Available data below:
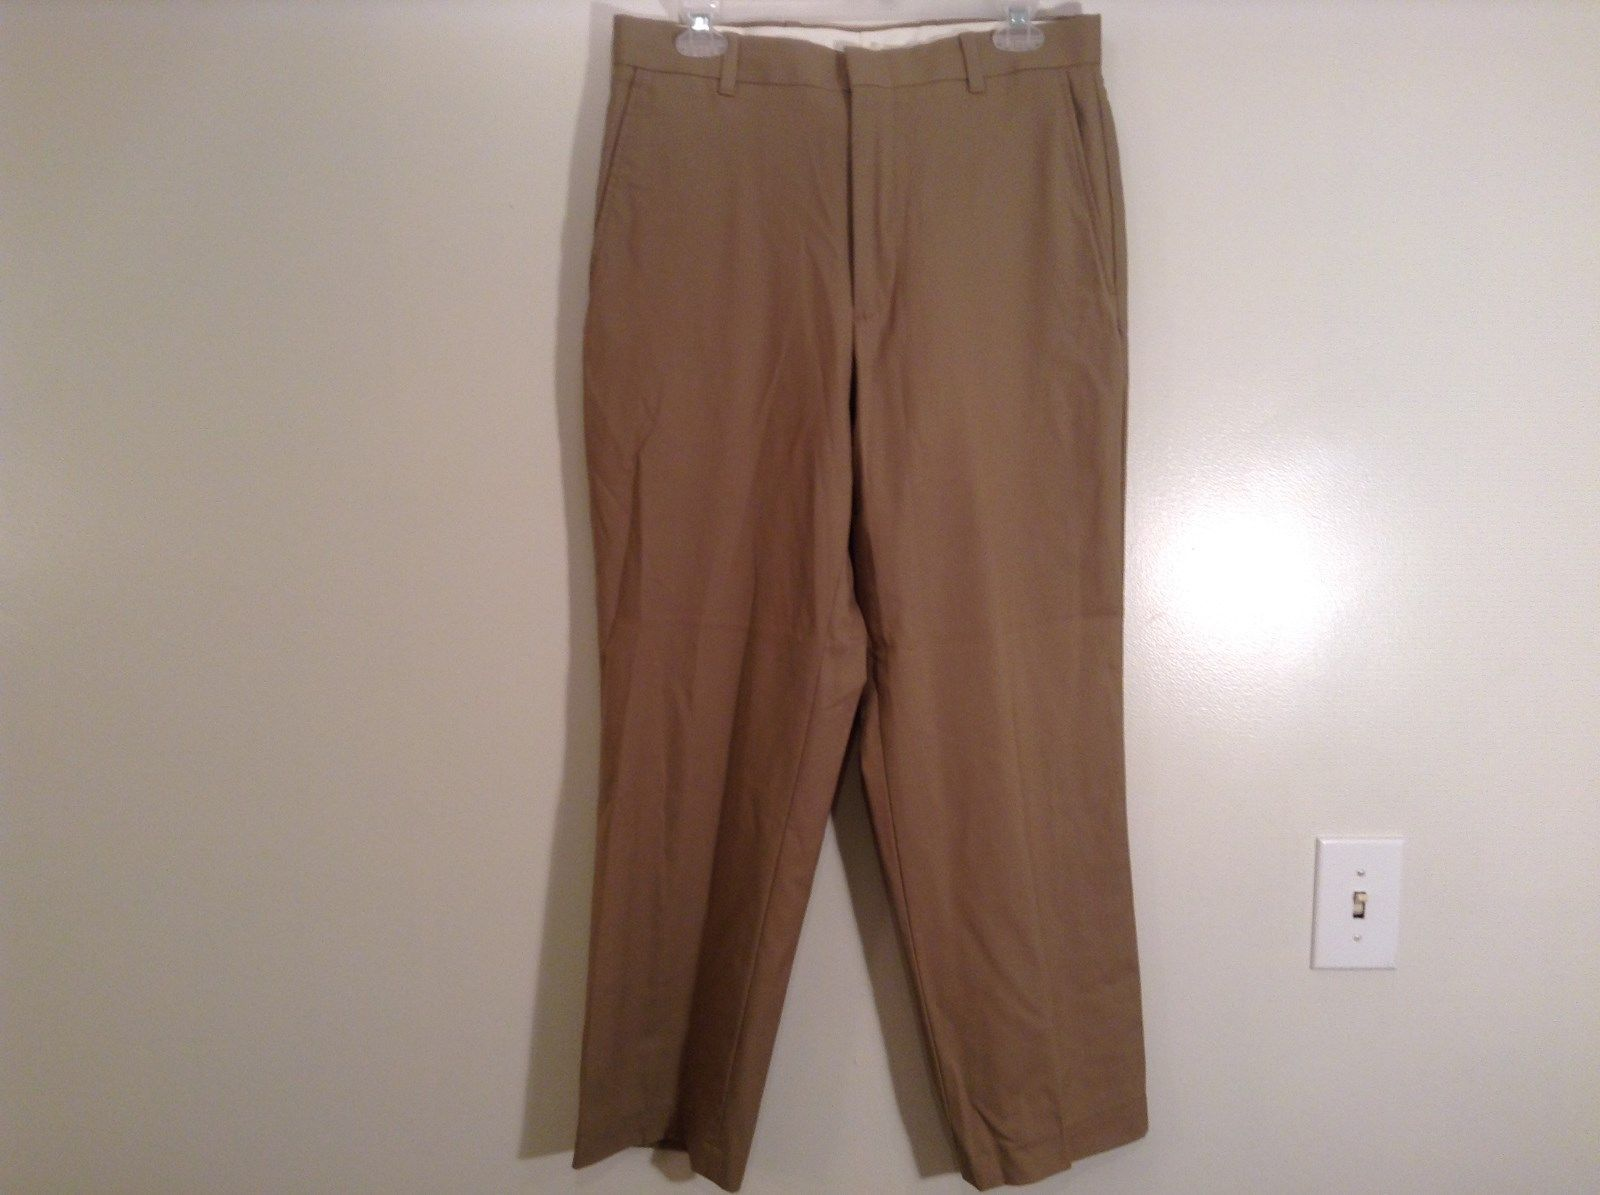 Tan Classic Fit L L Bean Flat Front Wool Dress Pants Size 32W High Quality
End of Available data.
Available data below:
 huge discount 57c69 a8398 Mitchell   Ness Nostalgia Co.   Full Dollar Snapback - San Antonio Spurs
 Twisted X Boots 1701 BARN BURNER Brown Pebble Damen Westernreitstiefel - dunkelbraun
End of Available data.
__Work instructions__:
Within the material above, extract exactly the lines that start at the line containing "huge discount 57c69" and stop after the line containing "Twisted X Boots", and only those.

__The completed task__:
 huge discount 57c69 a8398 Mitchell   Ness Nostalgia Co.   Full Dollar Snapback - San Antonio Spurs
 Twisted X Boots 1701 BARN BURNER Brown Pebble Damen Westernreitstiefel - dunkelbraun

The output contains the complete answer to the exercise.